Related Conditions
Autoimmune lymphoproliferative syndrome
A disorder of abnormal immune cell survival leading to lymph node swelling.
Overview
Autoimmune Lymphoproliferative Syndrome (ALPS) is a rare genetic disorder of the immune system characterized by a failure of lymphocyte apoptosis (programmed cell death), leading to the accumulation of abnormal lymphocytes. This results in chronic lymphadenopathy (swollen lymph nodes), splenomegaly (enlarged spleen), and autoimmune destruction of blood cells (cytopenias).
ALPS is typically diagnosed in childhood and is considered one of the first inherited human diseases of immune dysregulation. Though it shares features with autoimmune and lymphoproliferative disorders, ALPS is distinct in its underlying mechanism: defective apoptosis due to mutations in the FAS signaling pathway.
Causes
ALPS is caused by mutations in genes involved in the FAS-mediated apoptotic pathway, most commonly:
FAS (TNFRSF6) gene – most common, inherited in an autosomal dominant pattern with incomplete penetrance
FASL (FAS ligand) gene
CASP10 gene – encodes caspase-10, essential for apoptosis
These genetic mutations impair the normal elimination of activated or autoreactive lymphocytes, leading to their accumulation and autoimmunity.
Symptoms
The clinical presentation of ALPS can vary but commonly includes:
Lymphoproliferation:
Chronic, nonmalignant lymphadenopathy
Splenomegaly (very common)
Hepatomegaly (in some patients)
Autoimmunity (particularly cytopenias):
Autoimmune hemolytic anemia (AIHA)
Immune thrombocytopenic purpura (ITP)
Autoimmune neutropenia
Other possible features:
Fatigue, fever, or recurrent infections
Increased risk of lymphoma
Elevated double-negative T cells (CD4-/CD8- TCRαβ+ cells) in the blood
Diagnosis
Diagnosis of ALPS is based on clinical findings, laboratory markers, and genetic testing. The hallmark laboratory feature is elevated levels of double-negative T cells (DNTs).
Diagnostic criteria include:
Chronic non-malignant lymphadenopathy and/or splenomegaly
Elevated DNTs ≥1.5% of total lymphocytes
Defective lymphocyte apoptosis on in vitro testing (optional)

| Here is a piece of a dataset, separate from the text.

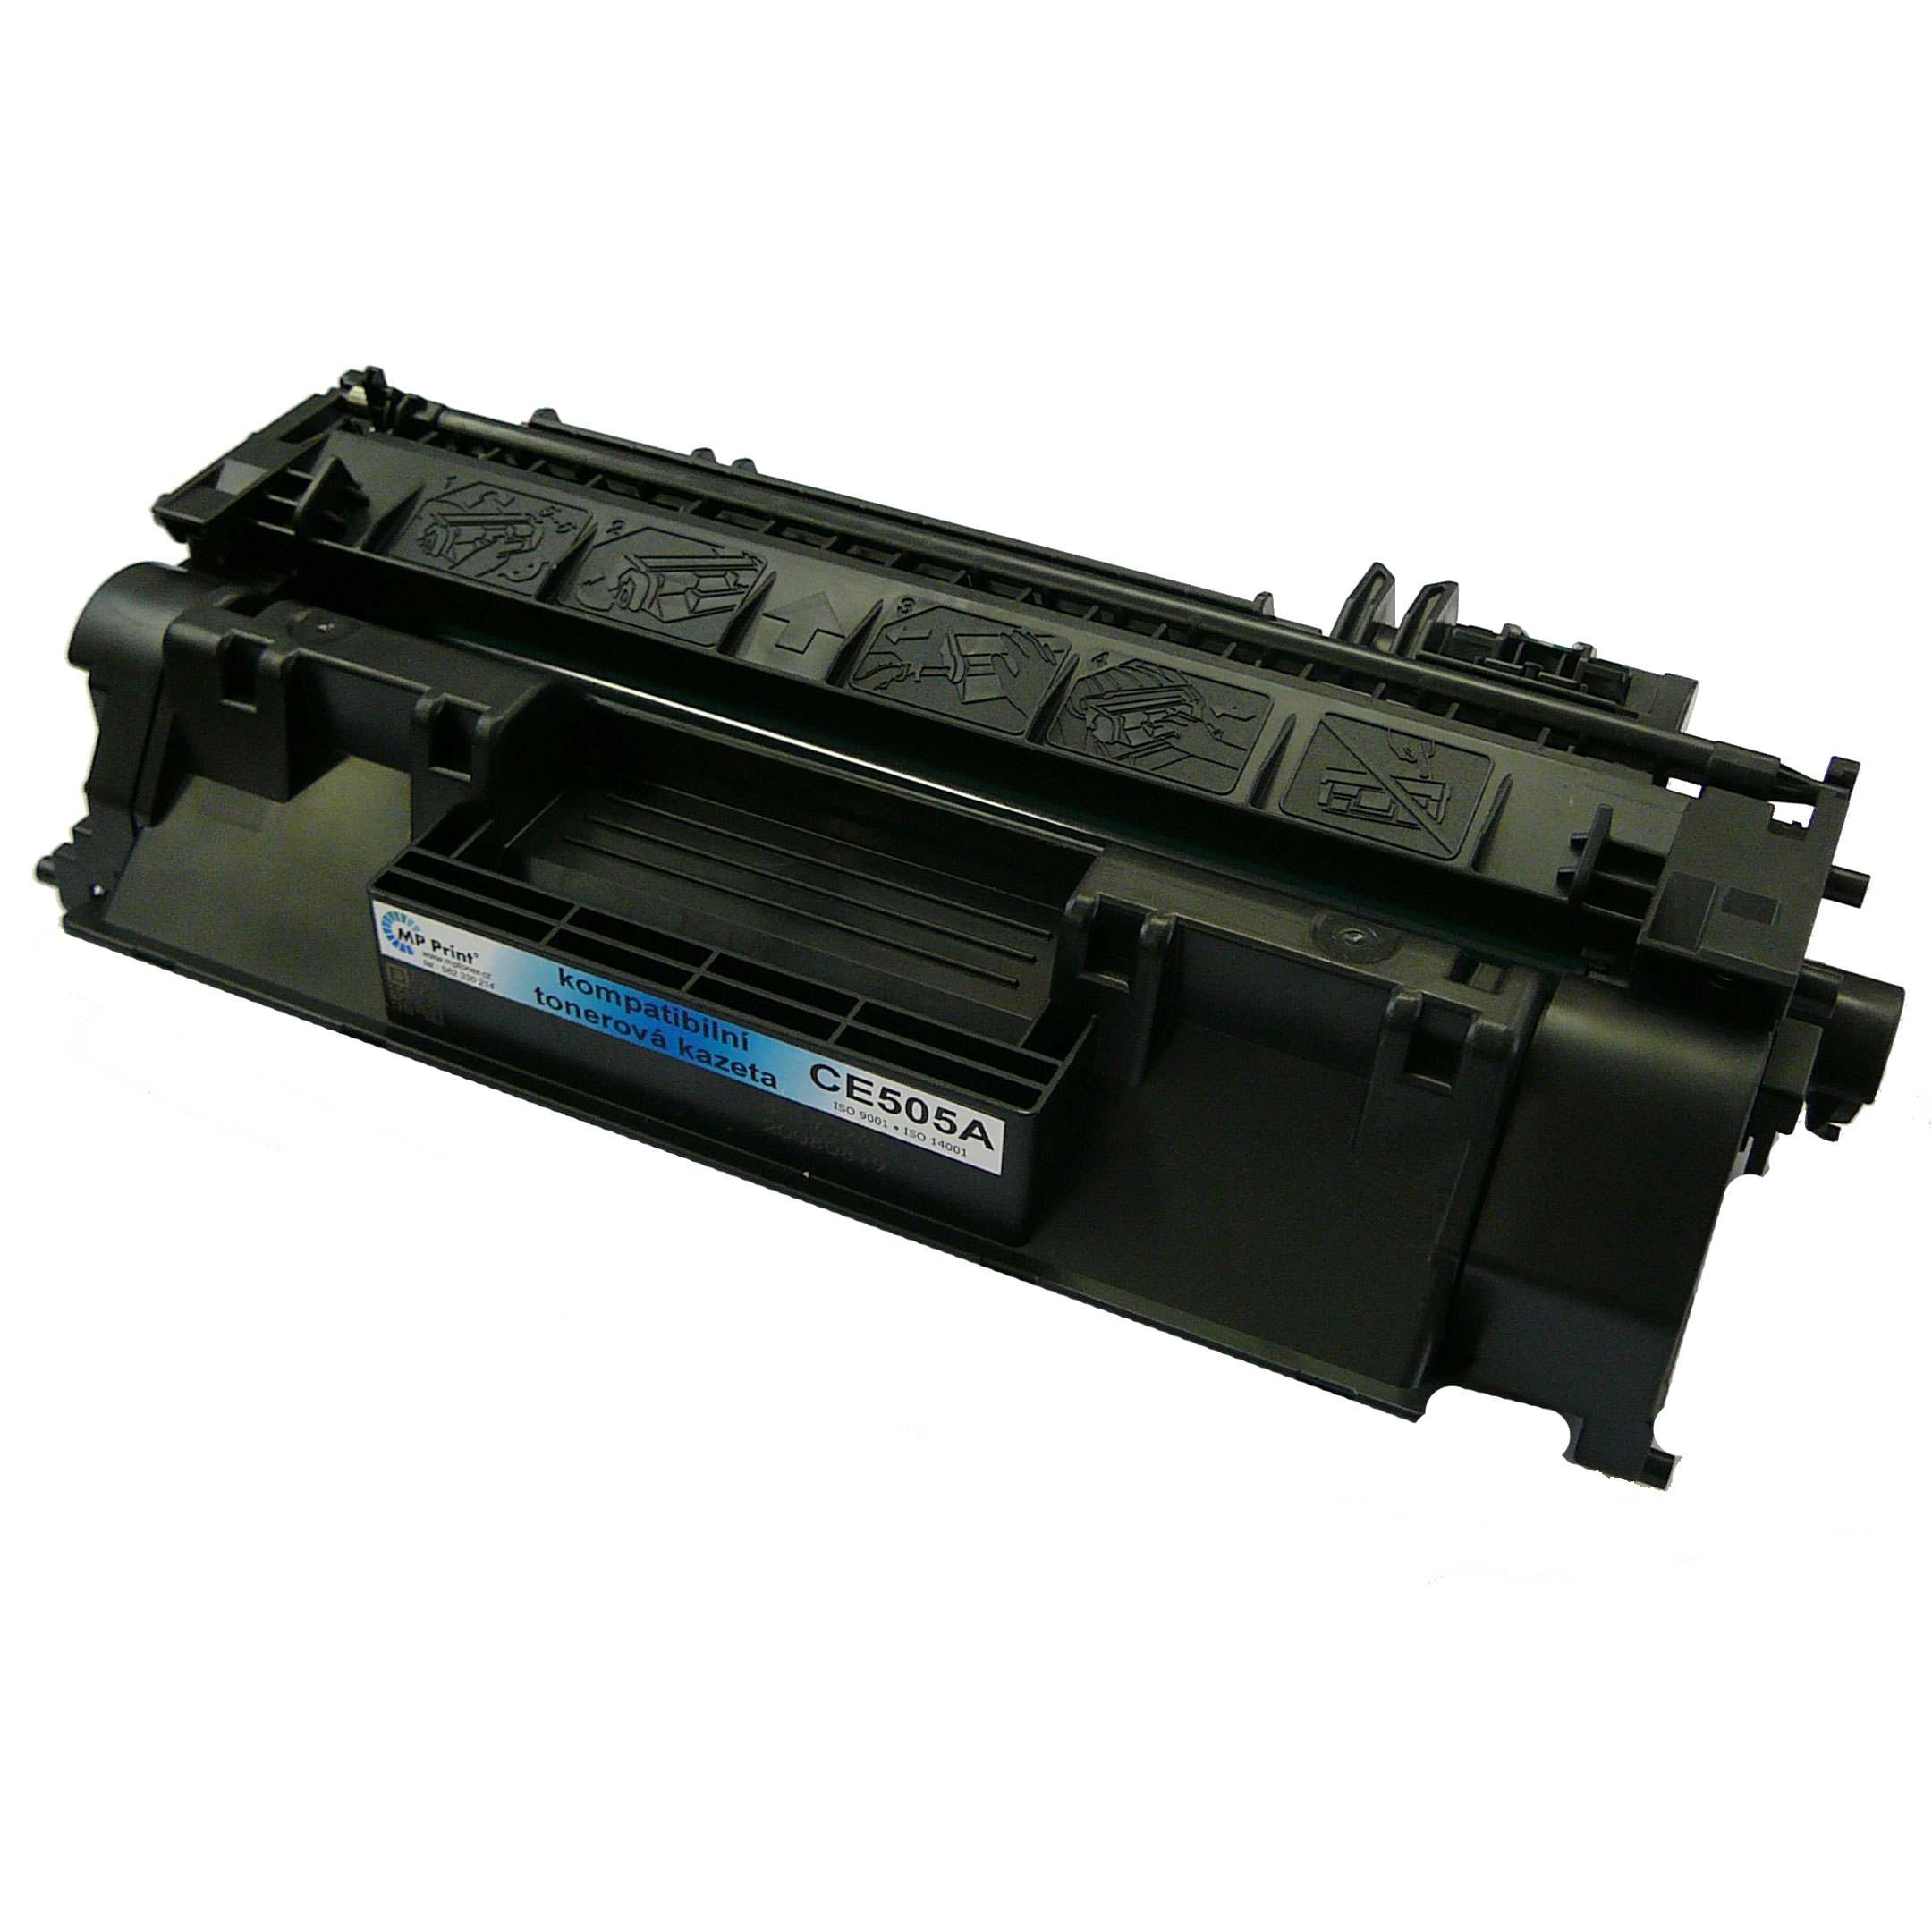 Kompatibilní toner HP CE505X, LaserJet P2055, black, 05X, MP print
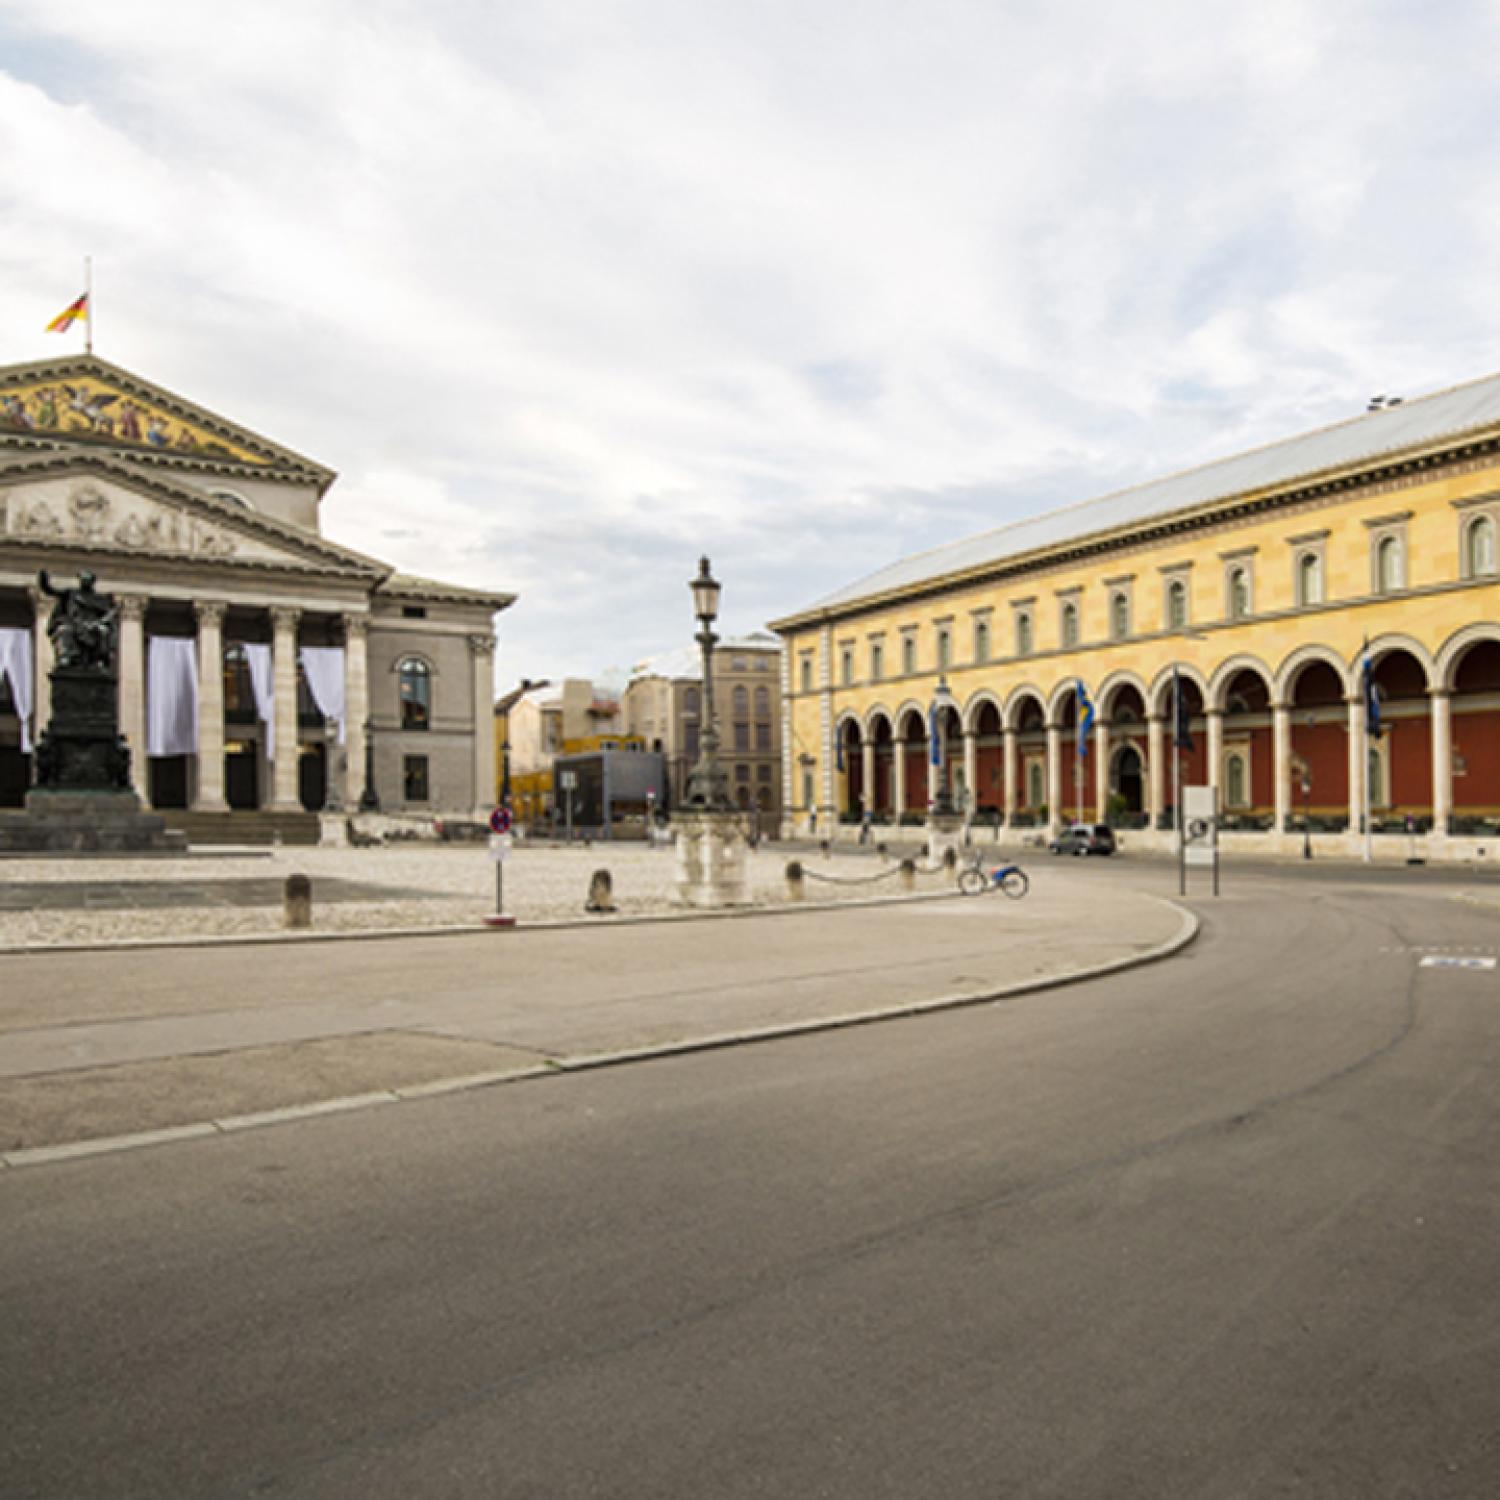 Palais An Der Oper

Positive germline or somatic mutation in FAS or related genes
Supportive markers:
Elevated serum vitamin B₁₂
Elevated IL-10, soluble FAS ligand, or IL-18
Autoimmune cytopenias
Imaging (e.g., ultrasound or CT scan) may show enlarged lymph nodes or spleen but is not specific for ALPS.
Treatment
There is no cure for ALPS, but treatment focuses on managing autoimmune cytopenias, reducing lymphoproliferation, and monitoring for malignancy.
First-line therapies:
Corticosteroids: For managing autoimmune hemolytic anemia and thrombocytopenia
Mycophenolate mofetil (MMF): Often used as a steroid-sparing agent
Sirolimus (rapamycin): Effective for both cytopenias and lymphoproliferation; increasingly used in ALPS management
Other management:
IVIG (intravenous immunoglobulin) in cases of severe cytopenia
Splenectomy is generally avoided due to infection risks
Antibiotic prophylaxis and vaccination in cases of functional asplenia
Monitoring and Support:
Regular blood counts and immune marker testing
Surveillance for lymphoma with imaging and clinical exams
Genetic counseling for affected families
Prognosis
With proper management, many individuals with ALPS can lead relatively normal lives. However, outcomes depend on the severity of autoimmune complications and the development of malignancy.
Prognostic points:
Many patients respond well to immunosuppressive therapy
Risk of lymphoma is significantly increased and requires lifelong surveillance
Mortality is primarily associated with complications from cytopenias or cancer
Ongoing research and targeted therapies such as sirolimus have improved the long-term outlook for patients with ALPS.
Medical Disclaimer
The information provided on this page is for educational purposes only and is not a substitute for professional medical advice, diagnosis, or treatment. Always seek the advice of your physician or other qualified health provider with any questions you may have regarding a medical condition.